Cover the surface of the pudding with baking paper cut to size, then, using two pieces of foil pleated together in the centre, cover the bowl with enough foil to reach halfway down the basin (see Pleating the foil photos for details). The pleat in the foil is to allow for any expansion during cooking. Tie the foil around the bowl securely with string (see video: Part 3).

Bend two wooden barbecue skewers so they fit over the base of a deep saucepan.

Place the pudding basin on top of the skewers (this prevents the basin from touching the bottom of the pan). Fill the pan with enough boiling water to reach halfway up the side of the basin, creating a water bath (see video: Part 4).

Simmer steadily for six hours, topping up the water occasionally so it does not boil dry.

When done, remove the pudding basin from the saucepan, allow to cool, then refrigerate until required. To reheat, simmer again in a water bath until the pudding is heated through. Remove string, foil and paper, and invert the pudding onto a plate. The pudding should be a rich dark colour but have a very light texture. Top with a sprig of holly, or some homemade fruit mince mixed with chopped walnuts. Douse the pudding with brandy and set it alight just before serving, if desired.

Pour plum pudding sauce over and enjoy!

Use a fairly robust loaf of bread, as commercial white loaves containing 'stay fresh' additives won't dry out enough and you might end up with a wet and soggy pudding.
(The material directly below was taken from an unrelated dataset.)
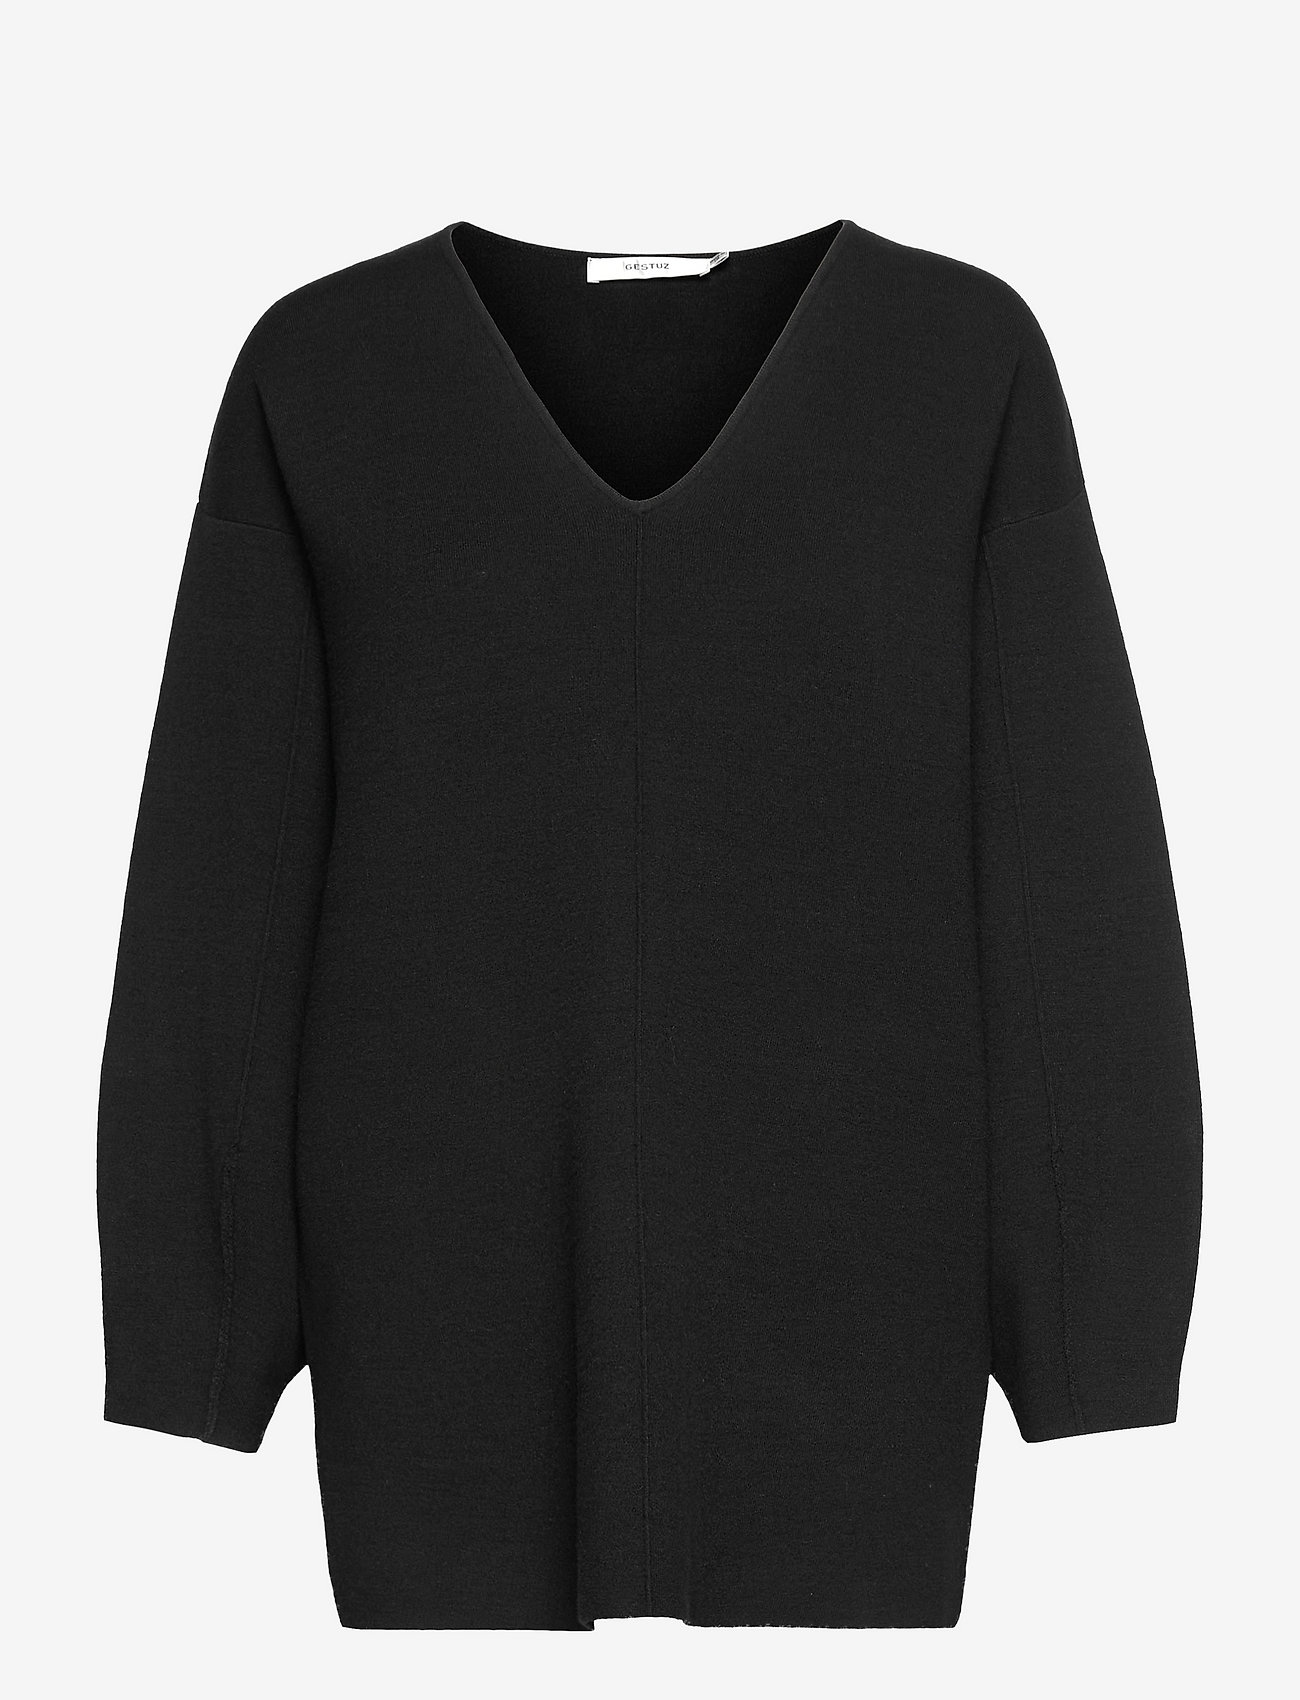 Gestuz - TalliGZ V-pullover - jumpers - black - 0

Chill the grater before grating the butter. If you put the grater in the freezer, make sure you wear rubber gloves when taking it out, to avoid giving your fingers a cold 'burn'. Alternatively, you could grate the butter in a food processor, first chilling the grating plate – it's messy and wasteful, but much easier!

Pleating the foil

Mrs Beeton’s original ‘receipt’, 1861

1328. INGREDIENTS – 1–1/2 lb. of raisins, 1/2 lb. of currants, 1/2 lb. of mixed peel, 3/4 lb. of bread crumbs, 3/4 lb. of suet, 8 eggs, 1 wineglassful of brandy.

Mode.—Stone and cut the raisins in halves, but do not chop them; wash, pick, and dry the currants, and mince the suet finely; cut the candied peel into thin slices, and grate down the bread into fine crumbs. When all these dry ingredients are prepared, mix them well together; then moisten the mixture with the eggs, which should be well beaten, and the brandy; stir well, that everything may be very thoroughly blended, and press the pudding into a buttered mould; tie it down tightly with a floured cloth, and boil for 5 or 6 hours. It may be boiled in a cloth without a mould, and will require the same time allowed for cooking.

As Christmas puddings are usually made a few days before they are required for table, when the pudding is taken out of the pot, hang it up immediately, and put a plate or saucer underneath to catch the water that may drain from it. The day it is to be eaten, plunge it into boiling water, and keep it boiling for at least 2 hours; then turn it out of the mould, and serve with brandy-sauce. On Christmas-day a sprig of holly is usually placed in the middle of the pudding, and about a wineglassful of brandy poured round it, which, at the moment of serving, is lighted, and the pudding thus brought to table encircled in flame.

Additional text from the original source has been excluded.